# Inferences from a regression analysis.  Here we explore how to make inferences from a regression analysis.  Namely we are exploring a situation were we believe that Y=beta1*X+beta0 + E for some unknown beta1 and beta0 and an normal error function whose value was constructed independently of X's value.  Let us play the lord and choose for our simulations:

beta1=2
beta0=-42

# Here is some data:

N=100
X=rnorm(N,37.5,5)
E=rnorm(N,0,5)
Y=beta1*X+beta0+E
plot(X,Y,main="The Scatterplot of our simulated data")

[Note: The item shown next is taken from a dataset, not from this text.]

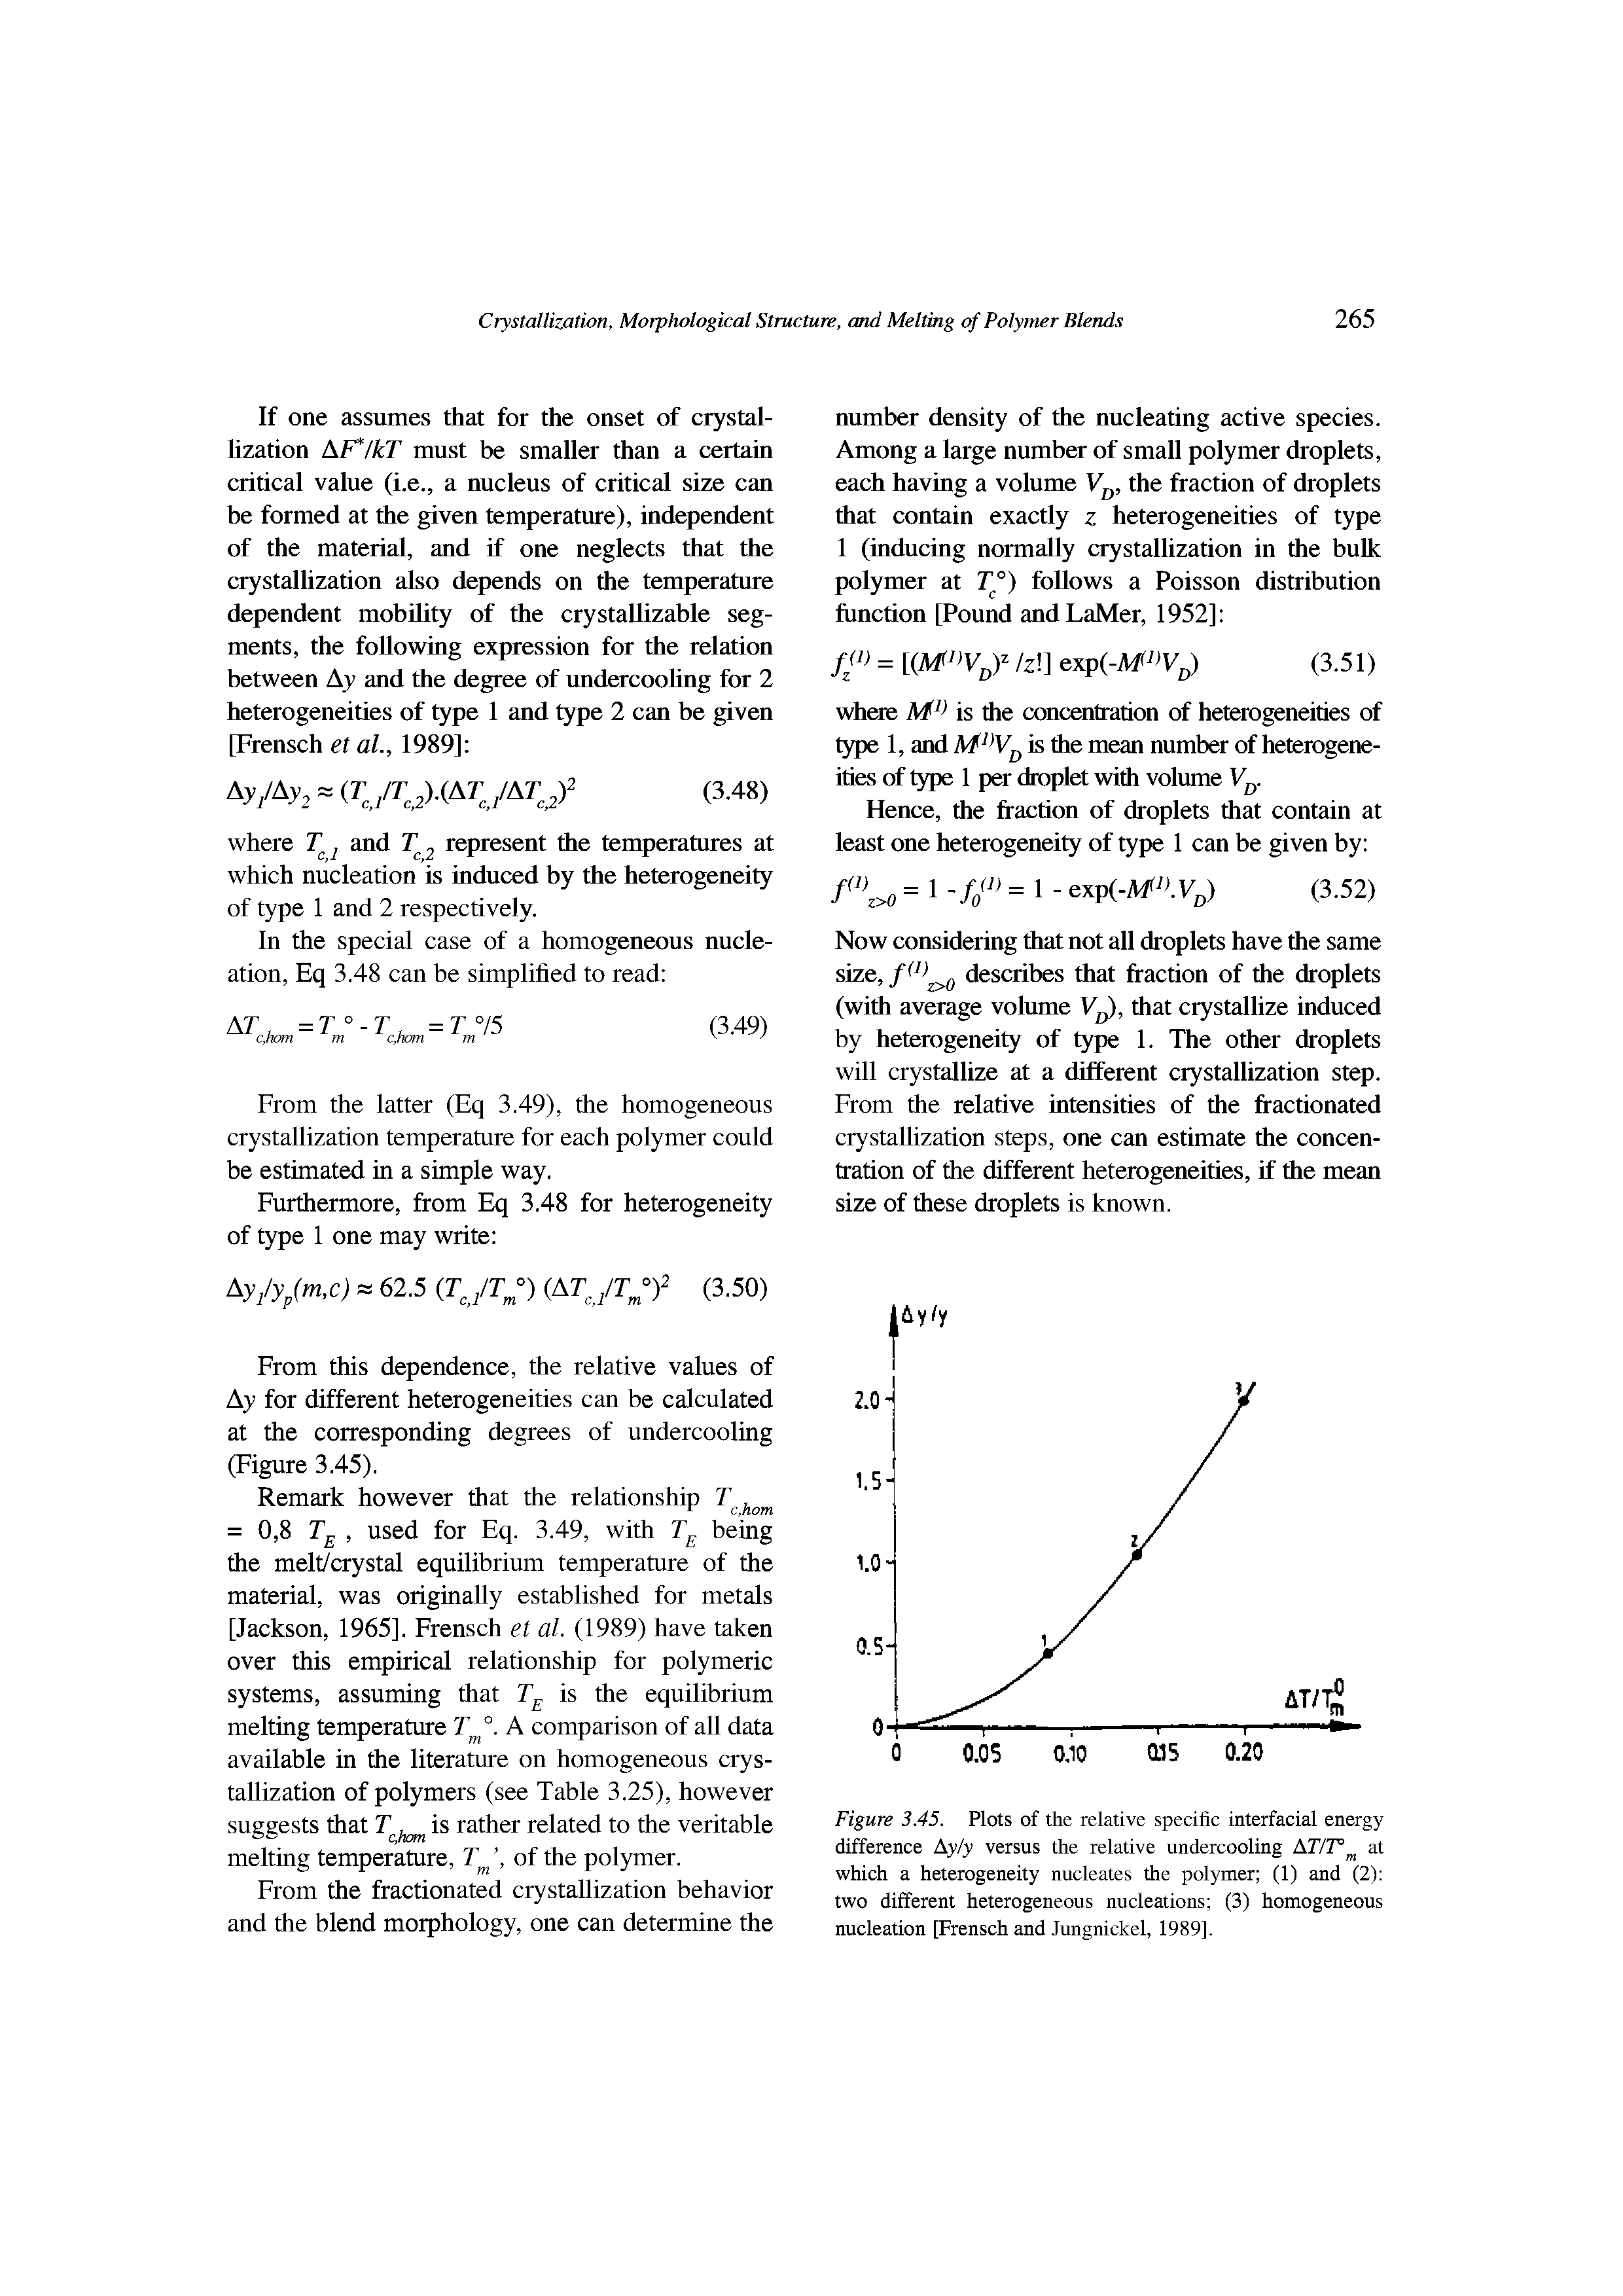 Figure 3.45. Plots of the relative specific interfacial energy difference Ay/y versus the relative undercooling AT/T at which a heterogeneity nucleates the polymer (1) and (2) two different heterogeneous nucleations (3) homogeneous nucleation [Frensch and Jungnickel, 1989].

#The name of the game is to guess beat1  from the data and then express our  confidence in this guess.  Recall the guess are called b1 and b0 from the line of best fit:

L=lm(Y~X)
b1=L[[1]][2]
b0=L[[1]][1]

# In practice before deciding that inferences are reasonable to make, we would get the residuals to explore the error's independence and normality:

Yhat=(b1*X+b0)
Res<-Y-Yhat
plot(X,Res,main="Our X data verses the residuals",ylab="The Residuals",ylim=c(-max(abs(Res)),max(abs(Res))))
points(c(min(X),max(X)),c(0,0),col="red",type="l")
hist(Res,main="Histogram of the residuals",freq=FALSE)
se=sqrt(sum((Res)^2)/(N-2))
X=seq(-4*se,4*se,by=0.01)
points(X,dnorm(X,0,se),col="blue",type="l")

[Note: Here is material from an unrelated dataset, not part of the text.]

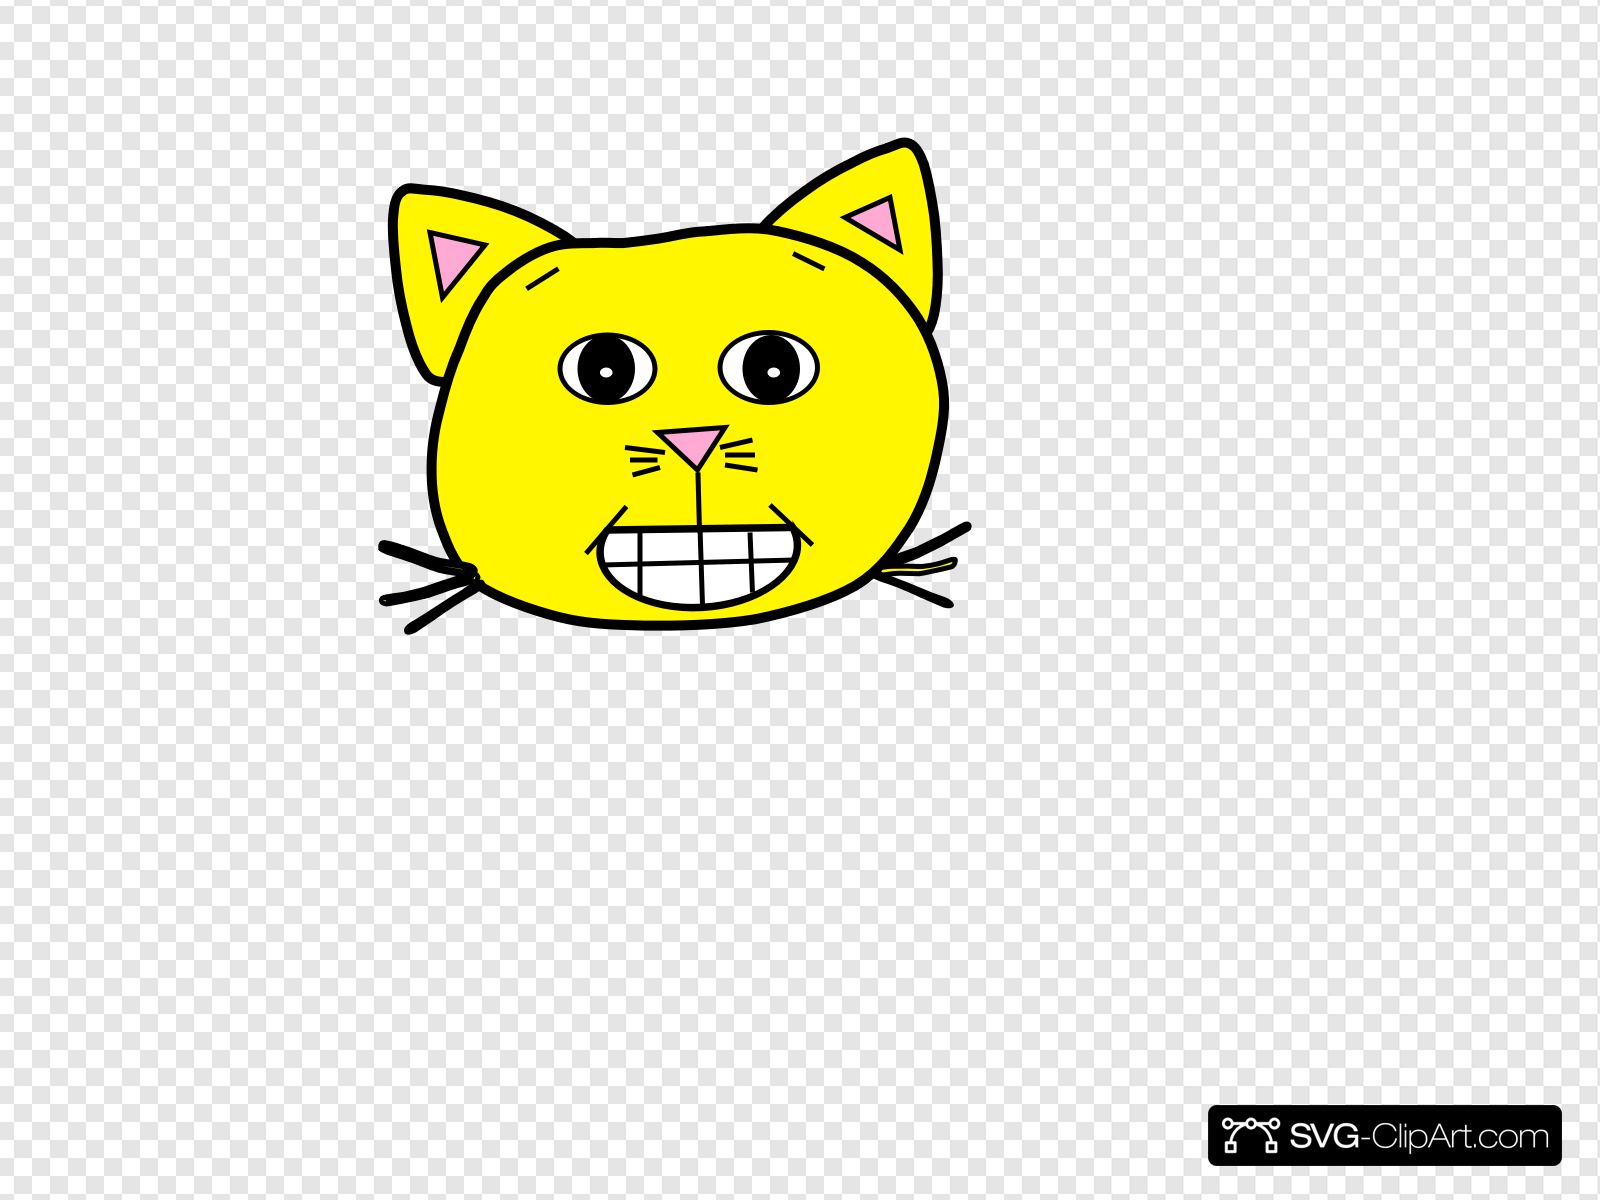 Ecstatic Yellow Clip art, Icon and SVG.

#  If we believe that this justifies our faith the E is independent of X and normal then we construct a 100C % confidence interval for b1 as follows: 

C=.9
my=mean(Y)
se=sqrt(sum((Res)^2)/(N-2))
sx=sd(X)
SEb1=se/(sx*sqrt(N-1))
df=N-2
tstar=abs(qt((1-C)/2,df))
CI=c(b1-tstar*SEb1,b1,b1+tstar*SEb1)
CI

# We can verify that roughly 90% of the time the true value of beta is in our randomly produced confidence interval. 

Trials=100

Confs<-c()
for (i in 1:Trials)
{
X=rnorm(N,37.5,5)
E=rnorm(N,0,5)
Y=beta1*X+beta0+E
L=lm(Y~X)
b1=L[[1]][2]
b0=L[[1]][1]
Yhat=(b1*X+b0)
Res<-Y-Yhat
my=mean(Y)
se=sqrt(sum((Res)^2)/(N-2))
sx=sd(X)
SEb1=se/(sqrt(N-1)*sx)
df=N-2
tstar=abs(qt((1-C)/2,df))
CI=c(b1-tstar*SEb1,b1,b1+tstar*SEb1)
Confs<-rbind(Confs,CI)
}

Count=0
left=min(Confs[,1])
right=max(Confs[,3])
Count=0
plot(c(left,left,right,right),c(Trials+1,0,0,Trials+1),type="l",main=paste(Trials,"Confidence",C), ylab="Trial",xlab="Slope") 
for (j in 1:Trials){
points(Confs[j,c(1,3)],c(j,j),type="l",col="red")
points(Confs[j,1],c(j),pch=18)
points(Confs[j,3],c(j),pch=18)
#points(Confs[j,1],c(j),pch=18)
{if (Confs[j,1]>beta1)
Count=Count+1}
{if (Confs[j,3]<beta1)
Count=Count+1}
#points(Confs[j,1],c(j+1),pch=40)
#points(Confs[j,3],c(j+1),pch=41)
}
Count
points(c(beta1,beta1),c(0,Trials+1),type="l",col="blue")


#########

#It looks pretty good!  Now we can also test a hypothesis since under H0: beta1=b, we have that (b1-b)/SEb1=t with N-2 degrees of freedom.  Let's explore this in our above case using b=0 and N=5 and H1:beta1>0.

N=5
beta1=2
beta0=-42
X=rnorm(N,37.5,5)
E=rnorm(N,0,5)
Y=beta1*X+beta0+E
L=lm(Y~X)
b1=L[[1]][2]
b0=L[[1]][1]
Yhat=(b1*X+b0)
Res<-Y-Yhat
my=mean(Y)
se=sqrt(sum((Res)^2)/(N-2))
sx=sd(X)
SEb1=se/(sx*sqrt(N-1))
df=N-2
t=(b1-0)/(SEb1)
P=1-pt(t,df)
P

# By running this a few times, we see that even for N=5 we often find our selves in a good position to reject the Null hypothesis (which we'd like to since beta1=2).